-Les hommes trouvent toujours des raisons d'éviter de vivre en paix. Cette vallée, par exemple. On pourrait penser qu'il n'y a aucune raison d'y répandre du sang, pas vrai ?
-Ce n'est pas ma guerre.
-J'ai observé que chez l'homme, l'appétit vient en mangeant. Et il n'y a rien de pire que la faim de terre. Ça bouffe tout et tout le monde.
Le Souffle de la violence est dans un premier temps un western classique adoptant dans un second temps une conduite étonnante, centré sur la confrontation entre éleveurs pour la prise de domaine. Réalisé par Rudolph Maté (Terre sans pardon, Horizons lointains, Les Années sauvages) d'après le roman Smoky Valley de Donald Hamilton (que je n'ai pas lu), celui-ci propose un film loin de toute naïveté, étonnamment violent dans sa forme et son fond pour un western des années 50 (pas encore influencé par le western Italien de Sergio Leone arrivant au milieu des années 1960), qui prend tout son sens avec son titre.
Malgré son petit budget Le Souffle de la violence présente une mise en scène étonnamment bonne, proposant des paysages de montagnes grandioses. Les décors choisis sont spectaculaires présentant des plans vastes et divers d'Alabama Hill, Californie, ou encore d'Arizona. Une photographie lumineuse et colorée de W. Howard Greene et de Burnett Guffey, qui n'est clairement pas étrangère à la réussite de son cadre, avec de profond champ dans des scènes pas une fois tournées en studio. Les divers affrontements au colt ne manquent pas de réalisme et de réussite, avec des actions efficaces et des scènes de poursuite de bétail divertissantes même si loin d'être incroyables.
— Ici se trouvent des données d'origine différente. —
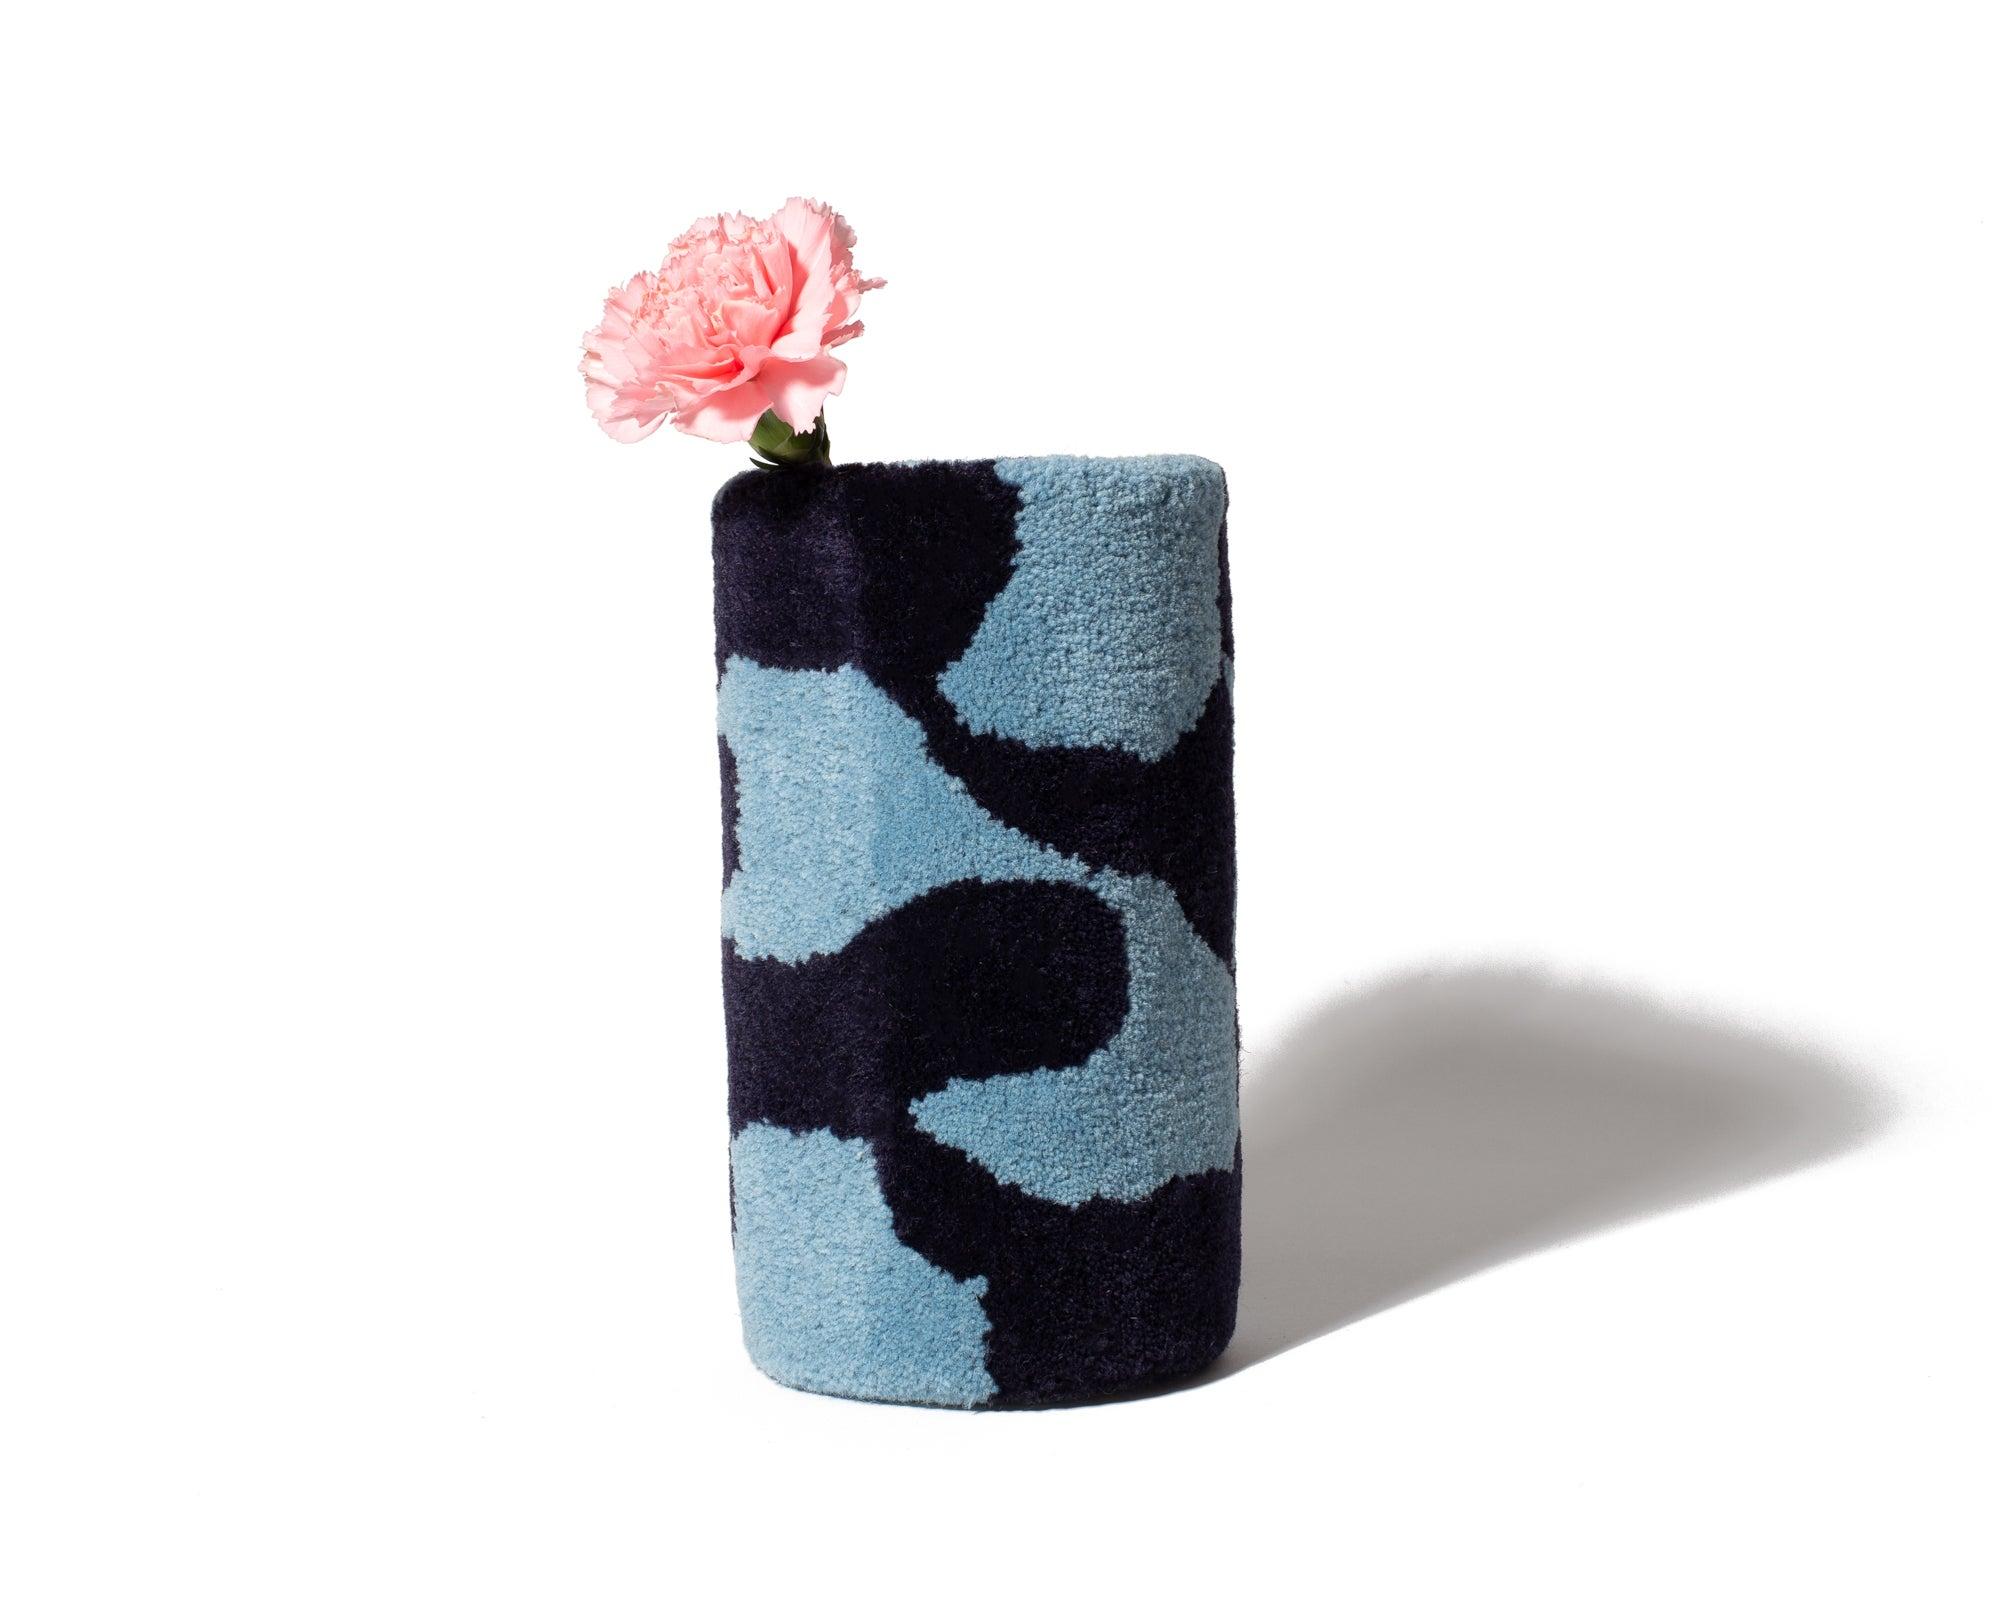 blue and black fury vase
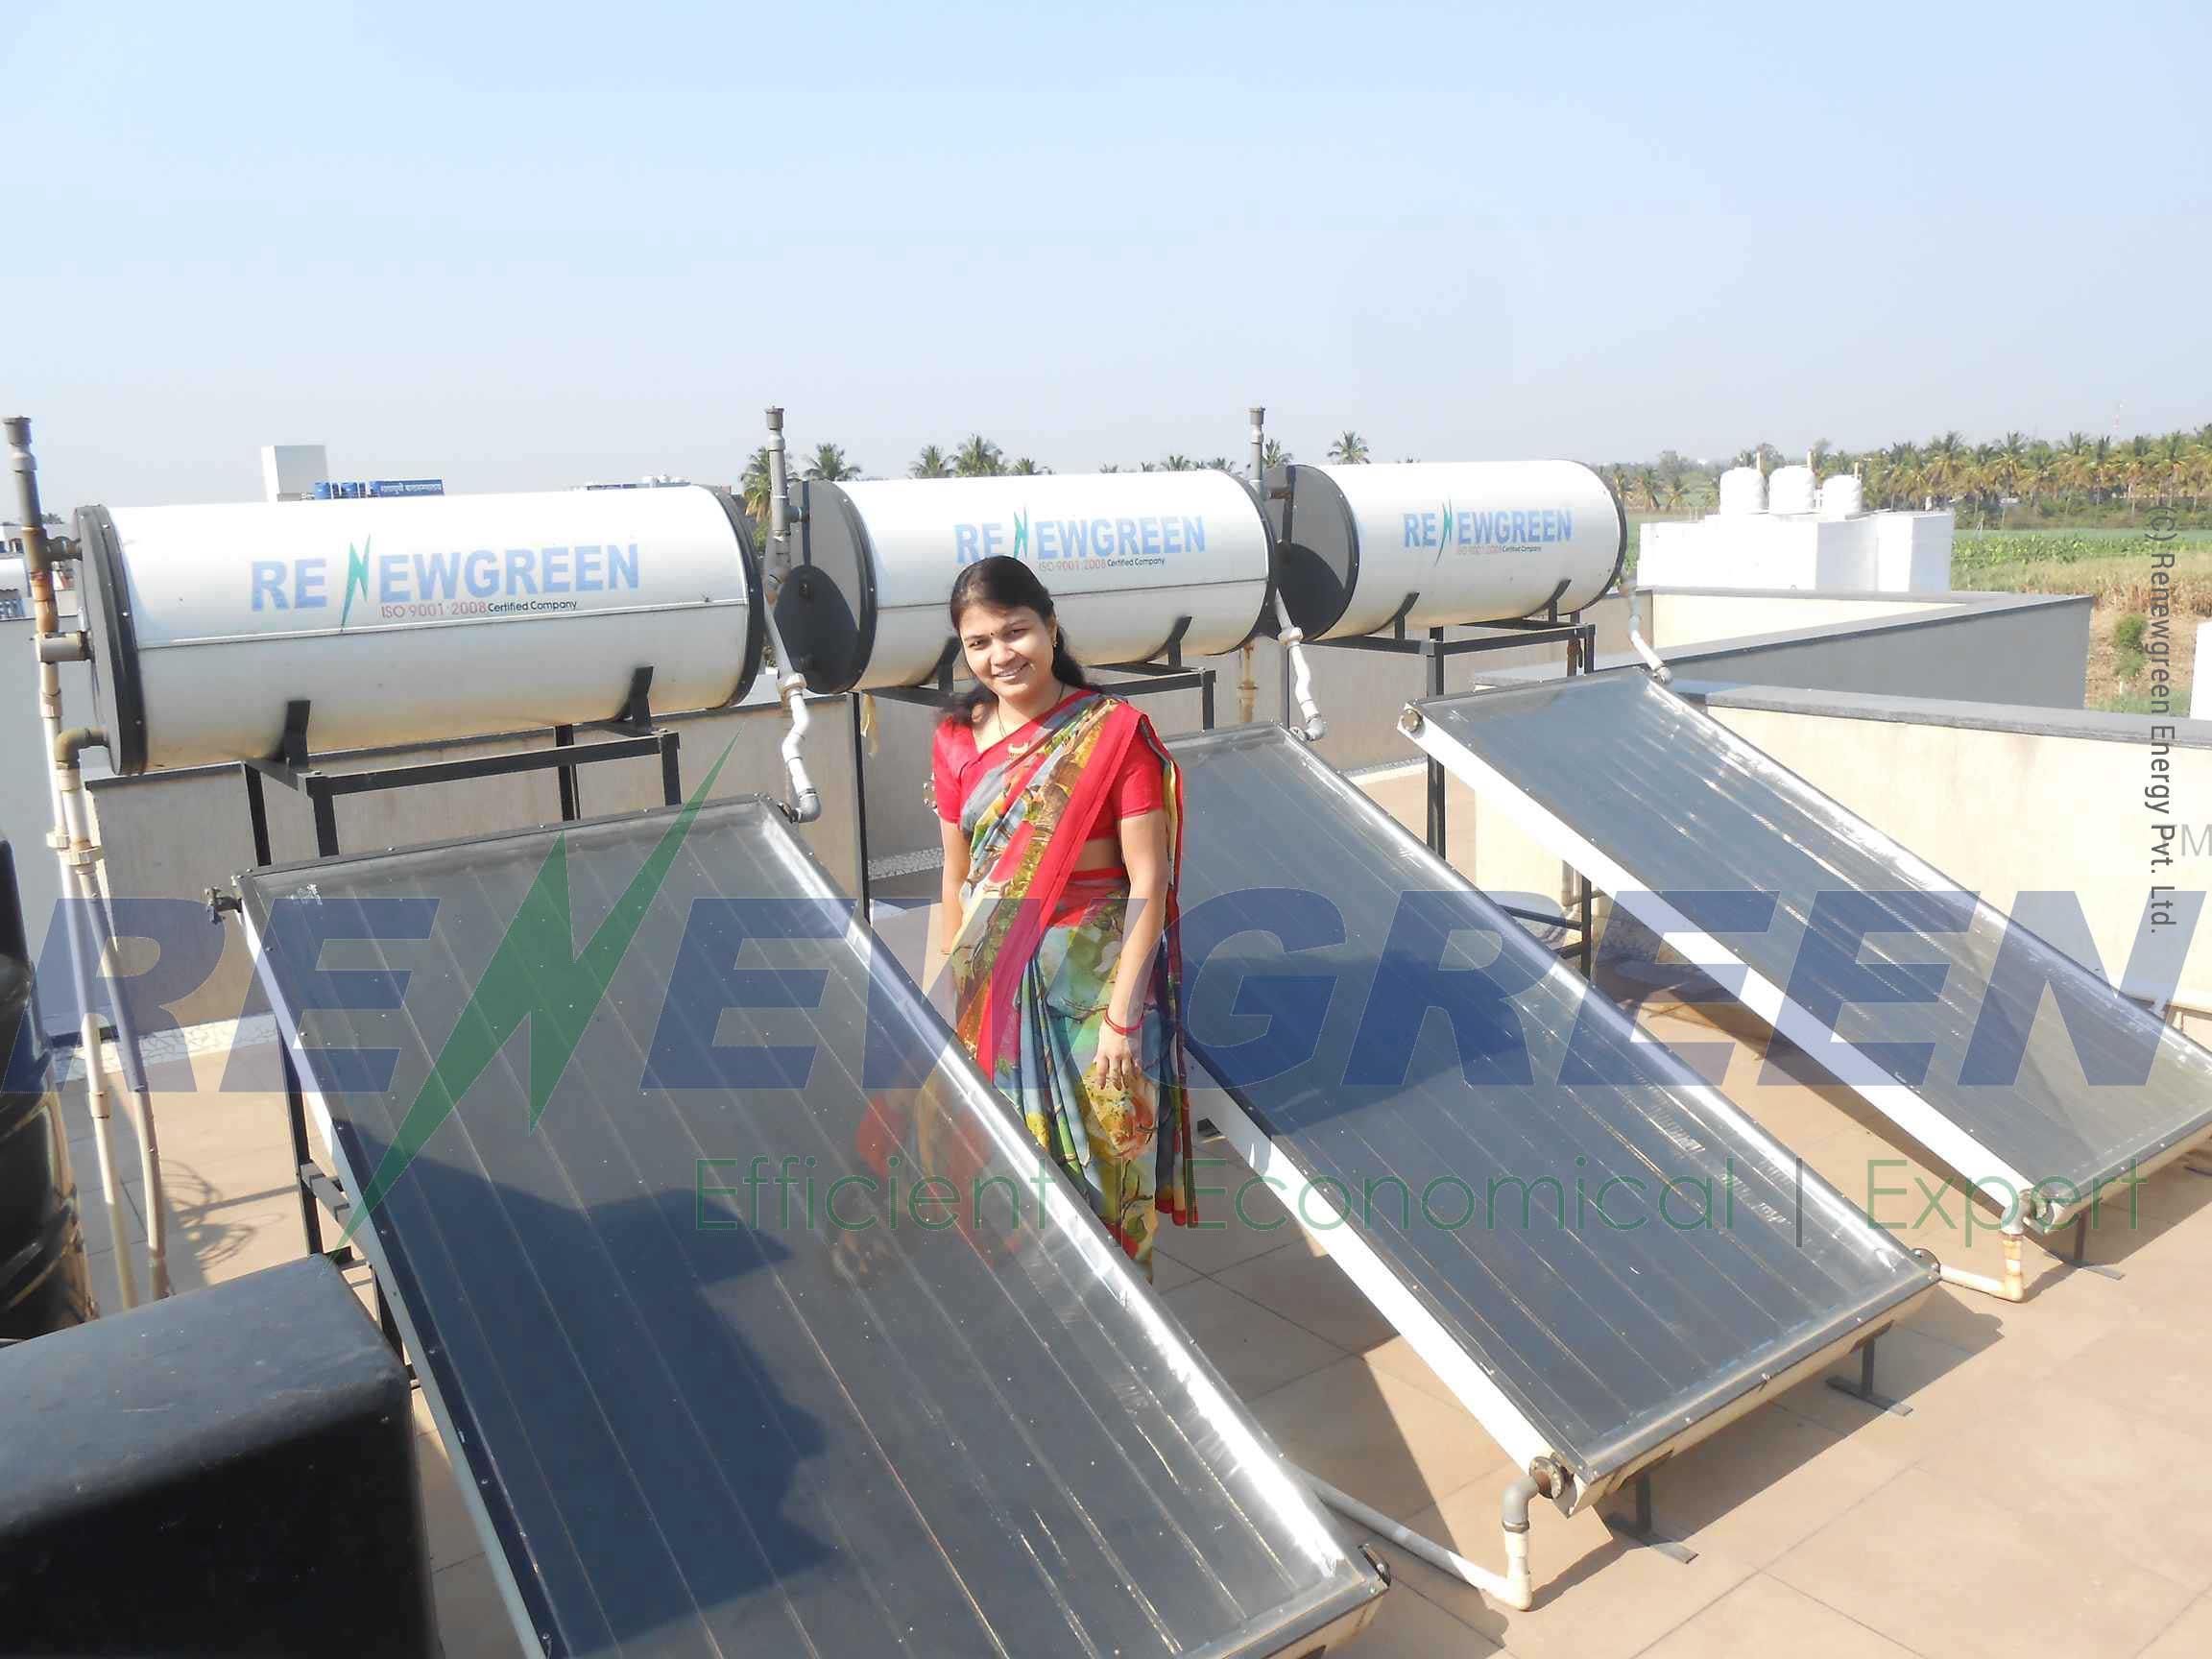 Solar Water Heater | Renewgreen Energy

Malgré le manque de richesse dans le scénario, l'intrigue réussit à maintenir l'intérêt par un travail psychologique sur les liaisons entre les différents personnages. Un subtil travail autour des regards. Ajoutons à cela des séquences relativement marquantes comme avec la séquence de torture au fouet d'un cowboy, celle d'un shérif abattu dans le dos sans la moindre pitié, la trahison pour le pouvoir d'une épouse, et un duel final au colt saisissant. La partition musicale de Max Steiner propose une ambiance classique dans la plus pure lignée des aventures du far-west, autant amusant que limité.
Le casting est de bonne facture, proposant une performance toujours au top de Glenn Ford (La Poursuite des tuniques bleues, Les Desparados, L'Homme de nulle part) qui en tant que John Parrish vétéran désuet et expérimenté de la guerre de Sécession, ne compte pas se laisser faire dépouiller de ses terres contre, Edward G. Robinson (Key Largo, Soleil vert, La Rue rouge) alias Lew Wilkison, propriétaire estropié du plus grand domaine de la région avec sa femme Martha, incarnée avec diabolisme par Barbara Stanwyck (Assurance sur la mort, Un coeur pris au piège, L'Emprise du crime). Diabolique de bout en bout, tout droit sortie d'un film noir, elle est clairement l'antagoniste principale de l'ombre, menant par le bout du nez son monde.
Brian Keith (Nevada Smith, New Mexico, Rancho Bravo) en tant que Cole Wilkison frère du patron, incarne la partie musclée dans la confrontation contre Glenn Ford. Il faut reconnaitre qu'il possède vraiment une tête de vicelard à qui il ne faut surtout pas faire confiance. Les trois comédiennes Dianne Foster, May Whynn et Lita Milan apportent quelques surprises en incarnant des femmes de bonne famille qui au premier abord laissent voir des femmes dociles mais qui s'avèrent être égoïstes, manipulatrices... malheureusement elles sont un peu sacrifiées au récit. Je terminerai par Richard Jaeckel (Le Clan des irréductibles, Les Douze Salopards, Iwo Jima), tueur à gages pour le compte des Wilkinson qui est génial dans ce rôle de pourri tortureur, qui sera à l'origine d'un bon duel au colt dans le bar contre Glenn Ford.
CONCLUSION :
Le Souffle de la violence est un western au-dessus de la moyenne qui montre des faiblesses en n'allant pas suffisamment au bout des choses, s'empêchant de relâcher une bonne fois pour toutes le frein à main (ce qui est frustrant), malgré son côté brutal déjà étonnant pour son époque de réalisation. En ressort un film divertissant qui ne marquera pas le genre, mais permettra tout de même de passer un bon moment grace à des scènes marquantes, et un jeu psychologique intéressant entre certains protagonistes.
Glenn Ford dans un rôle plus musclé et impitoyable que dans La Poursuite des tuniques bleues c'est vraiment très bon, ne manquait plus que le réalisateur adéquat pour mettre en place une oeuvre à la hauteur du comédien.